実務では、こうして整えた「修正後の営業利益」に、業界特性に応じた年数(通常2~5年)を掛けて、のれんを算出します。たとえば年商10億円規模の製造業で、社長個人の生命保険料や家族名義の役員報酬が利益を圧縮していたケースは珍しくありません。これらを実質利益に引き直すだけで、のれんの評価が一段上がることもあります。
M&Aプロセスにおける評価のタイミング
企業価値評価は、一度きりの計算ではありません。情報が開示されるたびに、段階的に精緻化されていきます。下表に、評価が行われる主なタイミングと内容をまとめました。
| 評価のタイミング | 実施内容 | 目的と特徴 |
|---|---|---|
| 1. 秘密保持契約締結後の初期評価 | 秘密保持契約を結び、資料が開示された直後に実施。譲受企業が企業概要書をもとに簡易評価を行い、基本合意で提示する譲受希望価格を決めます。 | 初期段階の目安を設定し、交渉の出発点とするための評価 |
| 2. デューデリジェンス後の最終評価 | DD実施後に行います。会計の専門家が決算書を精査し、簿外債務や税務リスク、未払残業代などを調査します。 | 発見されたリスク分を減額修正し、最終契約の価格を確定させるための評価 |
プロセスの流れと評価の関係
段階ごとに整理すると、評価の役割が見えてきます。検討・準備段階では、譲渡オーナーが自社の立ち位置を知るための自己査定。マッチング・交渉段階では、基本合意価格を決める初期評価。DD・最終契約段階では、リスクを反映した最終評価。評価額は固定値ではなく、開示の度合いに応じて動くプロセスそのものです。評価を行うタイミングの全体像も押さえておくと安心です。
企業価値評価の依頼手順と流れ
M&A仲介会社に株価算定を依頼する場合、資料がそろってから2~3週間程度が一般的です。なお中小企業庁の中小M&Aガイドラインでも、バリュエーションは時価純資産法・マルチプル法・DCF法など複数のアプローチで行うものとされ、仲介者は確定的な評価まで踏み込めず、必要に応じて公認会計士など士業の意見を求めるとされています。依頼先を選ぶうえでの一つの目安です。

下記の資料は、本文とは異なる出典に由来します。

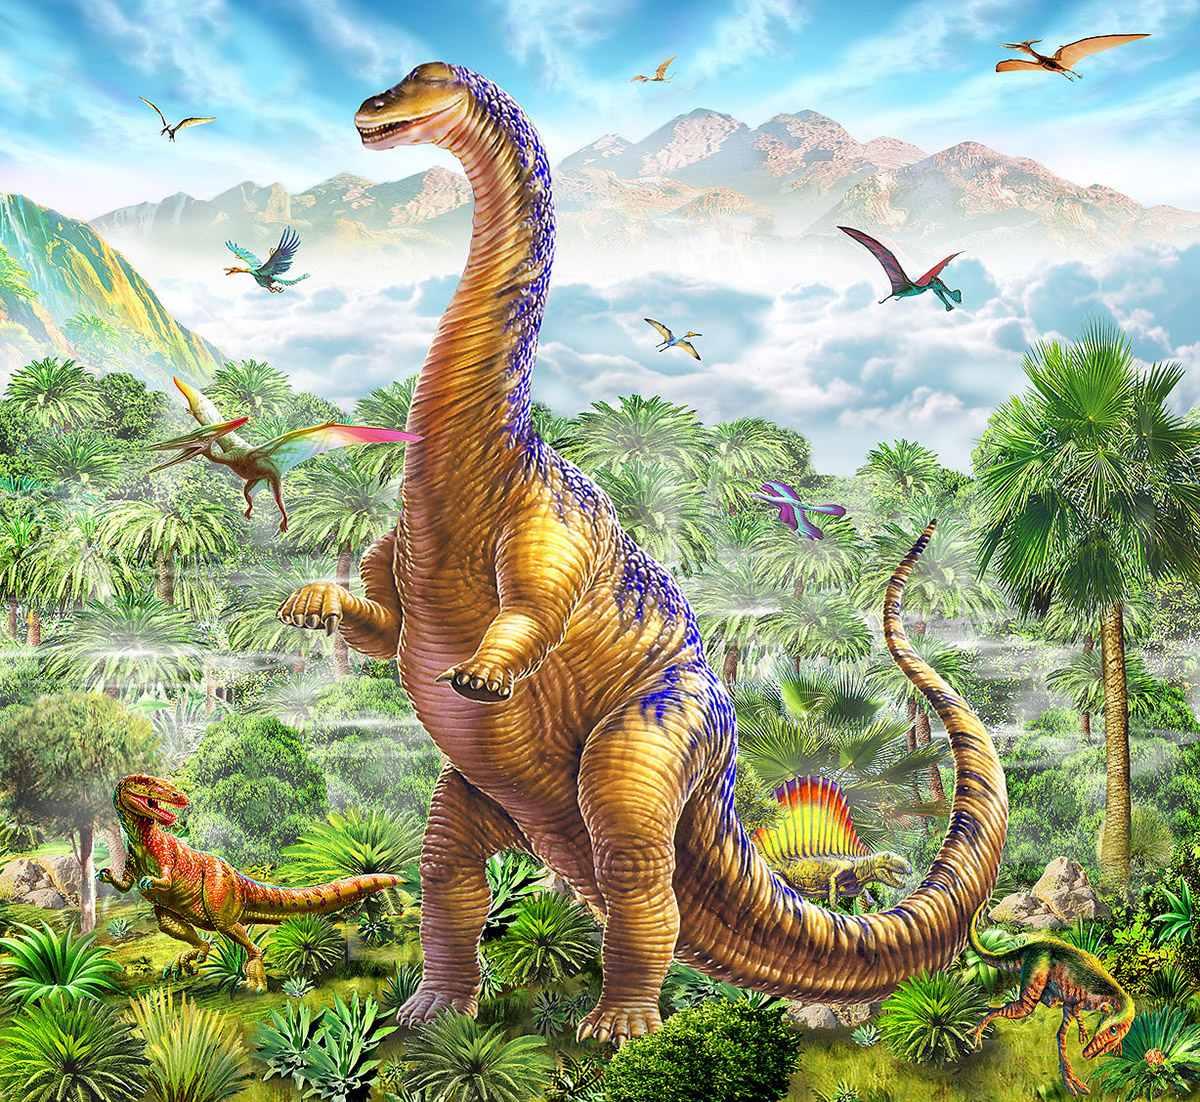 dinosaurs jurassic park tyranosaurus rex apatosaurus Braciosaurus pteranodon pteradactyl spinosaurus gigantosaurus jurassic Cretacious

下表に、依頼の具体的なステップを示します。
| ステップ | 実施内容 | 必要な対応 |
|---|---|---|
| Step1:取引背景の説明 | 評価が必要となる目的や取引の背景、スケジュールを仲介会社に伝えます。 | 評価の目的や背景を明確に伝えることが、精度を左右します。 |
| Step2:資料の準備 | 評価に必要な資料の提供を求められます。 | 会社案内、履歴事項証明書、株主名簿、過去3期分の決算書・科目明細・税務申告書、時価のある資産(不動産・有価証券・保険積立金など)の時価情報、未計上債務(未払残業代・賞与引当金・退職給付引当金)、役員退職金規程と退職金債務、事業計画書(あれば)など。 |
| Step3:ヒアリング・追加資料 | 収益性や財務内容について質問を受け、追加資料の提出を求められます。 | ボリュームは目的次第ですが、一般的な中小企業M&Aで膨大になることは多くありません。 |
| Step4:評価結果の入手 | 簡易的な株式価値算定書などのレポートが報告されます。 | 算定の根拠や採用した評価方法が記載されます。 |
デューデリジェンスと企業価値評価の関係
DDの結果は、評価の計算式に直接効いてきます。調べて終わりではなく、その結果をどう数字に落とすか。ここが専門家の腕の見せ所です。
DD結果が評価額を下げるケース
DDで次のような事実が出てくると、評価はマイナス方向に修正されます。
- 滞留在庫や回収不能債権:資産価値を実態に合わせて減額します。
- 簿外負債(未払残業代・退職金積立不足):負債として計上し、純資産から差し引きます。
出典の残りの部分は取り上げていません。